Suspira, se pasa la mano por el pelo y me mira con el ceño fruncido.

– Vamos a ducharnos -dice finalmente.

– Claro -digo con aire ausente, y él tuerce el gesto.

– Vamos.

Y me coge la mano con fuerza, malhumorado. Va dando largas zancadas hasta el baño, llevándome casi a rastras. Por lo visto, no soy la única que está disgustada. Abre el grifo de la ducha y se desnuda deprisa antes de volverse hacia mí.

– No sé por qué te has enfadado, o si solo estás de mal humor porque has dormido poco -dice mientras me desata el albornoz-. Pero quiero que me lo cuentes. Me imagino todo tipo de cosas y eso no me gusta.

Le miro con los ojos en blanco, y él me hace un gesto reprobador con los ojos entornados. ¡Maldita sea! Vale… allá voy.

– La doctora Greene me ha reñido porque me olvidé de tomar la píldora. Ha dicho que podría estar embarazada.

– ¿Qué?

De pronto se pone pálido, lívido, con las manos como paralizadas.

– Pero no lo estoy. Me ha hecho la prueba. Pero eso me ha afectado mucho, nada más. Es increíble que haya sido tan estúpida.

Se relaja visiblemente.

– ¿Seguro que no lo estás?

– Seguro.

Respira hondo.

– Bien. Sí, ya entiendo que una noticia así puede ser muy perturbadora.

Frunzo el ceño… ¿perturbadora?

– Lo que me preocupaba sobre todo era tu reacción.

Me mira sorprendido, confuso.

– ¿Mi reacción? Bueno, me siento aliviado, claro… dejarte embarazada habría sido el colmo del descuido y del mal gusto.

– Pues quizá deberíamos abstenernos -replico.

Me mira fijamente un momento, desconcertado, como si yo fuera una especie de raro experimento científico.

– Estás de mal humor esta mañana.

– Me ha afectado mucho, nada más -repito en tono arisco.

Me coge por las solapas del albornoz, me atrae hacia él y me abraza con cariño, me besa el pelo y aprieta mi cabeza contra su pecho. Me quedo absorta en el vello de su torso, que me hace cosquillas en la mejilla. ¡Ah, si pudiera acariciarle…!

– Ana, yo no estoy acostumbrado a esto -murmura-. Mi inclinación natural sería darte una paliza, pero dudo que quieras eso.

Por Dios

– No, no lo quiero. Pero esto ayuda.

Abrazo más fuerte a Christian, y permanecemos un buen rato entrelazados en ese peculiar abrazo, Christian desnudo y yo en albornoz. Una vez más me siento desarmada ante su sinceridad. No sabe nada de relaciones personales, y yo tampoco, salvo lo que he aprendido de él.
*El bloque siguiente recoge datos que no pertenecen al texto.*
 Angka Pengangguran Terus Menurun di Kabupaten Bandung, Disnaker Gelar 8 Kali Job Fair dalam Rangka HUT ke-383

Bueno, él me ha pedido fe y paciencia; quizá yo debería hacer lo mismo.

– Ven, vamos a ducharnos -dice Christian finalmente, y me suelta.

Da un paso atrás y me quita el albornoz. Entro tras él bajo el torrente de agua, y levanto la cara hacia la cascada. Cabemos los dos bajo esa inmensa roseta. Christian coge el champú y empieza a lavarse el pelo. Me lo pasa y yo procedo a hacer lo mismo.
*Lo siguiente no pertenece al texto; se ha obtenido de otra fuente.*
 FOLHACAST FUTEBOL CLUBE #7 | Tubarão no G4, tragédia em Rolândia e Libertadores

Oh, esto es muy agradable. Cierro los ojos y me rindo al placer del agua caliente y purificadora. Mientras me aclaro la espuma siento sus manos sobre mí enjabonándome el cuerpo: los hombros, los brazos, las axilas, los senos, la espalda. Me da la vuelta con delicadeza y me atrae hacia él, mientras sigue bajando por mi cuerpo: el estómago, el vientre, sus dedos hábiles entre mis piernas… mmm… mi trasero. Oh, es muy agradable y muy íntimo. Me da la vuelta para tenerme de frente otra vez.

– Toma -dice en voz baja, y me entrega el gel-. Quiero que me limpies los restos de pintalabios.

Inmediatamente abro los ojos y los clavo en los suyos. Me mira intensamente, mojado, hermoso. Con sus preciosos y brillantes ojos grises que no traslucen nada.

– No te apartes mucho de la línea, por favor -apunta, tenso.

– De acuerdo -murmuro, intentando absorber la enormidad de lo que acaba de pedirme que haga: tocarle en el límite de la zona prohibida.

Me echo un poco de jabón en la mano y froto ambas palmas para hacer espuma; luego las pongo sobre sus hombros y, con cuidado, lavo la raya de carmín de cada costado. Él se queda quieto y cierra los ojos con el rostro impasible, pero respira entrecortadamente, y sé que no es por deseo sino por miedo. Y eso me hiere en lo más profundo.

Con dedos temblorosos resigo cuidadosamente la línea por el costado de su torso, enjabonando y frotando suavemente, y él traga saliva con la barbilla rígida como si apretara los dientes. ¡Ahhh! Se me encoge el corazón y tengo la garganta seca. Oh, no… Estoy a punto de romper a llorar.